See, I'll take issue with that cause I generally like your posts and respect your opinions but that statement is everything that's wrong with football today and a product of the microwave, fast food, instant success notion of the new generation. Success isn't a given; it's not a promise - it has to be earned. City are finding it out the hard way - they've come in with more money than any club in history and tried to buy success more blatantly than any club in history; and they're going to fail quite painfully.
The Chavs were the exception to the rule but too many people have taken hold of that exception and claimed it should be our business model; like a dot com approach to football but a shorter life span.
While some won't like the idea we need to be modelling on the mancs - or more correctly Shanks and Paisley - not the short lived success of Chelsea. I'm sure that City will win the league sometime soon but we want something that wins it and continues to be winning or there abouts for the next 30 years.

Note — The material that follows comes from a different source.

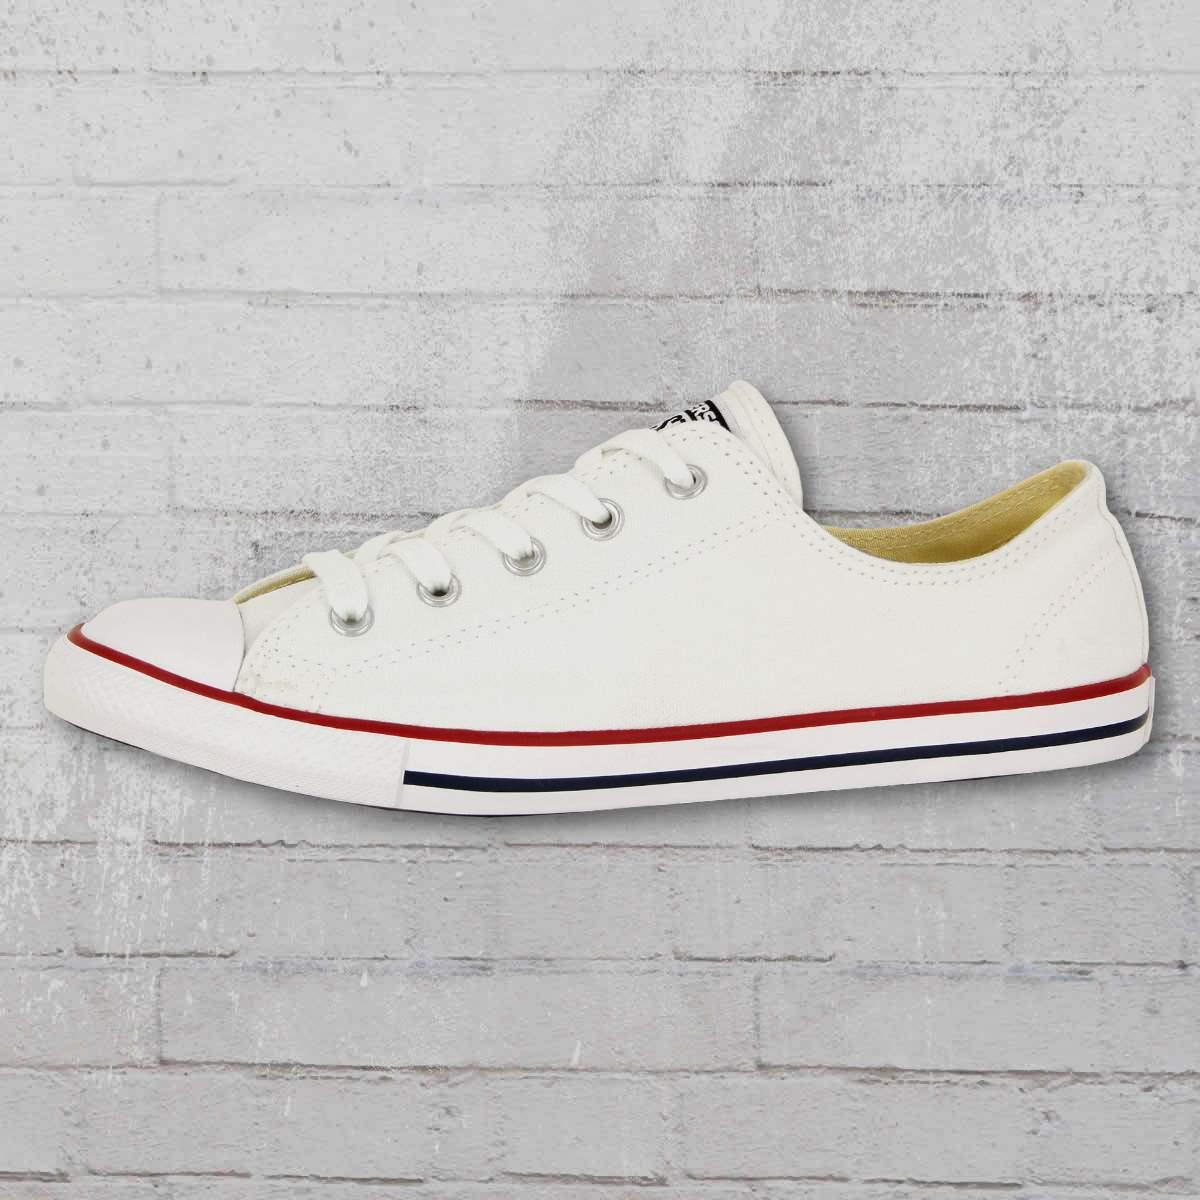 b5f58ecfb715 Converse Low Chucks Ladies Shoes CT Dainty OX white

Like it or not we won't get success in the league in a season; the mancs recognized that and stayed with Ferguson while he got the team sorted the way he wanted and had tweaked/revamped his own thoughts and understanding along the way. They've been reaping the success of that approach for some 20+ years. Blackburn, Leeds, Newcastle, the Chavs - they all went the other approach and where are they now? City have done the same and what have they won over the last 3 years?

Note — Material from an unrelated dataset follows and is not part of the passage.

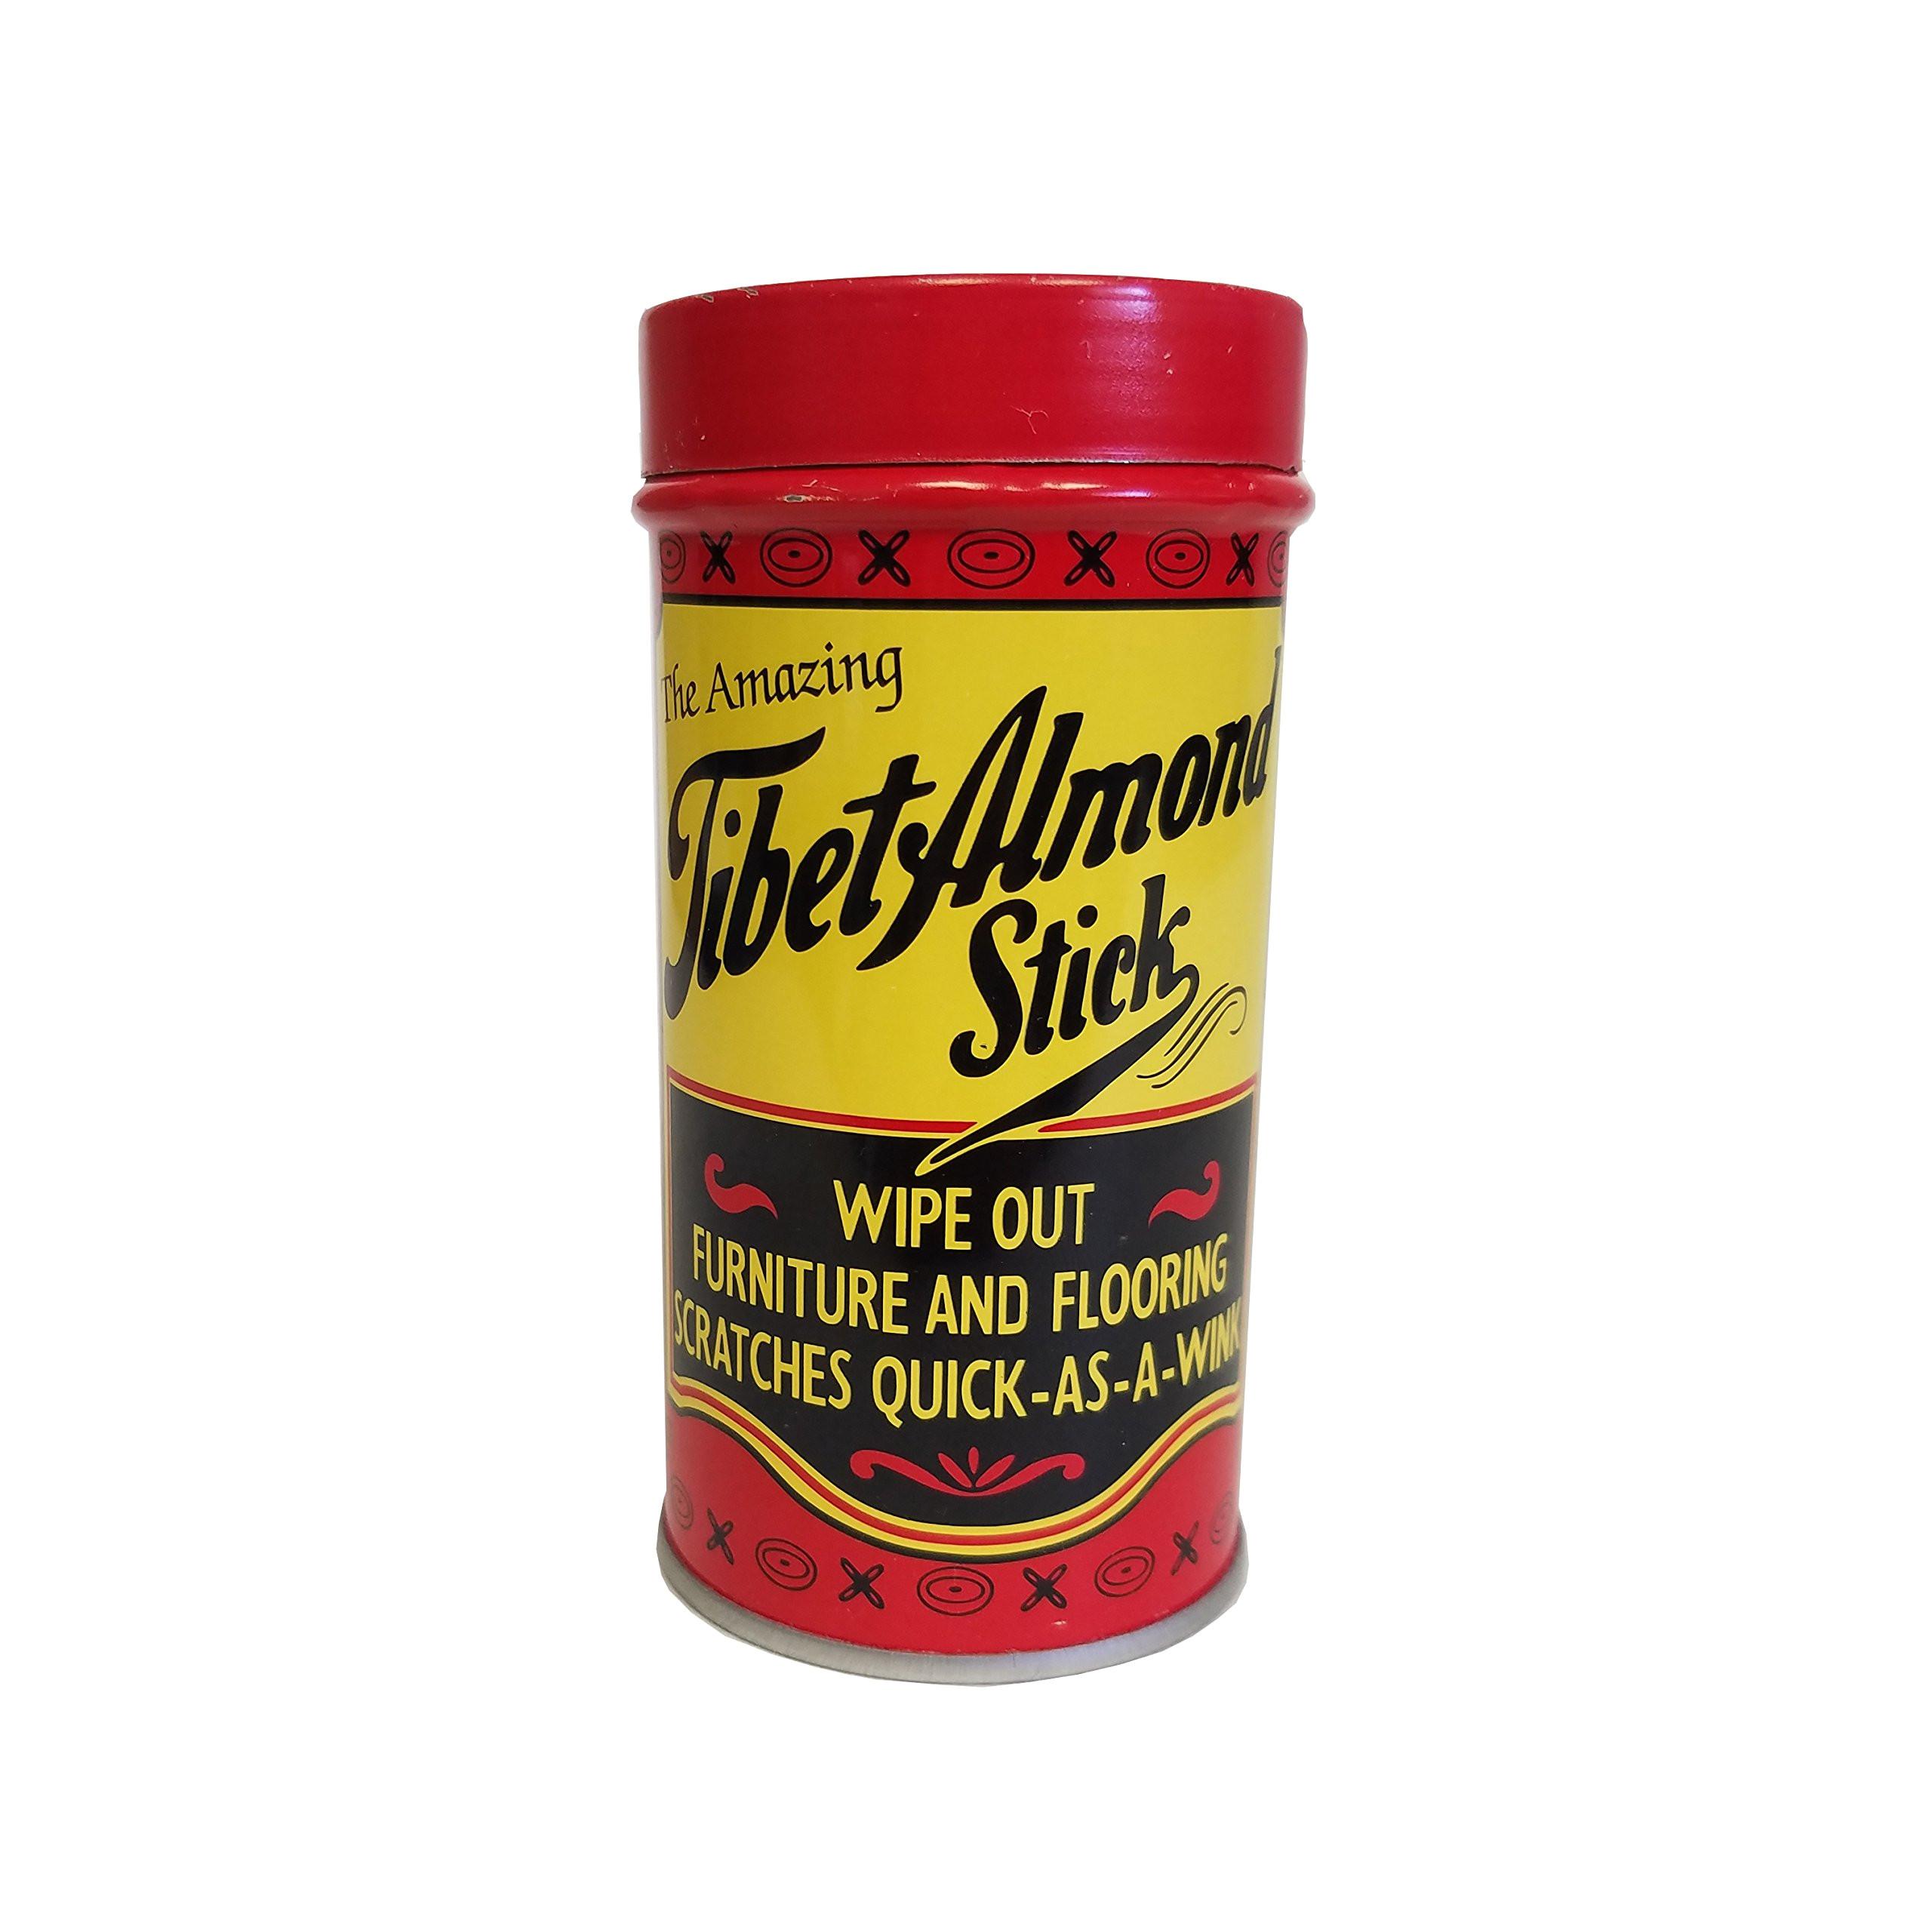 tibet almond stick scratch remover

That doesn't mean that you stick with whoever happens to be in the job. We don't blindly wait for success on the basis that enough time will deliver it like some kind of macro-evolution theory which doesn't work in nature and won't work in football. But it does mean you look at a managers history, realize they've done it before and give them a chance to set up the model they want and tweak/revamp it along the way. The approach promoted here would have seen Shanks, Ferguson or Capello gone within two years and it'll see every other manager we ever hire gone in the same fashion.

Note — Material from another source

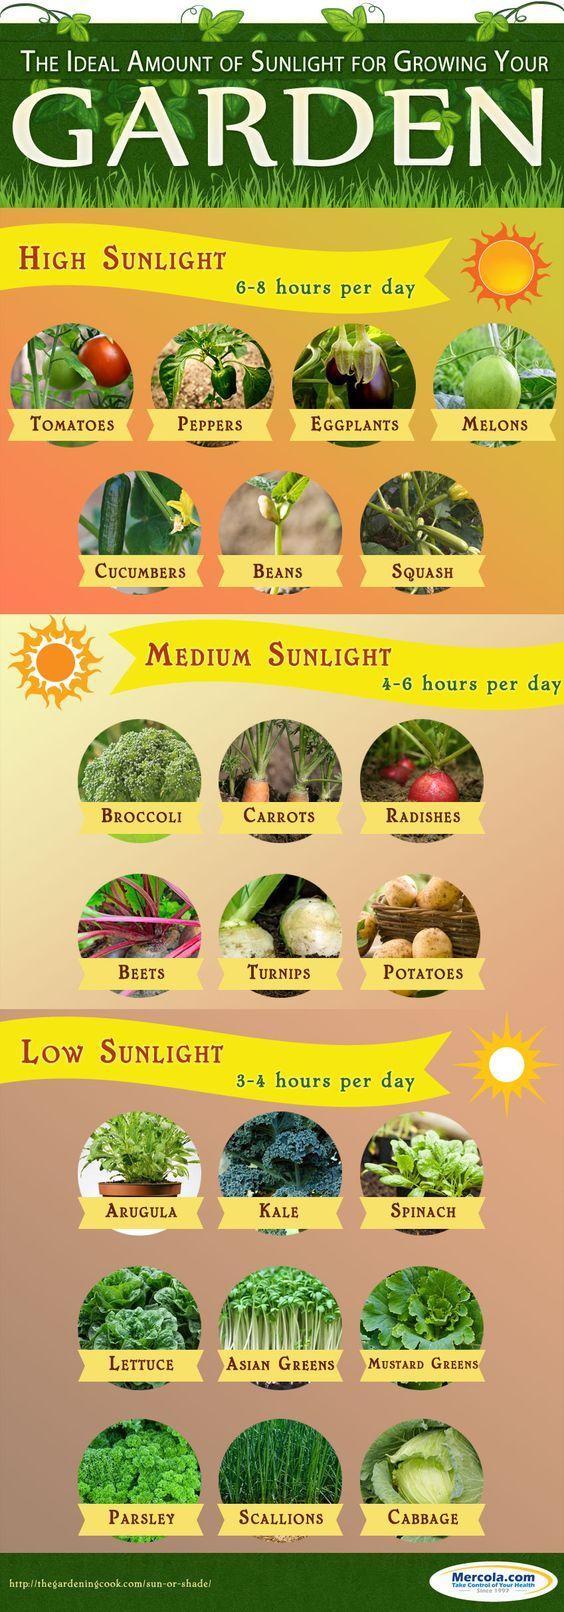 gardening infographic More

We all knew (I hope) that Kenny was going to have to learn a little on the way; he's been out for too long to just walk back in with success in his pocket. He needs to find his feet and that takes time; needs to evaluate the model and, more importantly, the manner in which he wants to put that in place. He's got things he has to learn but he's also got a footballing foundation second to none and that makes him more than worthy of the patience some on here are demanding.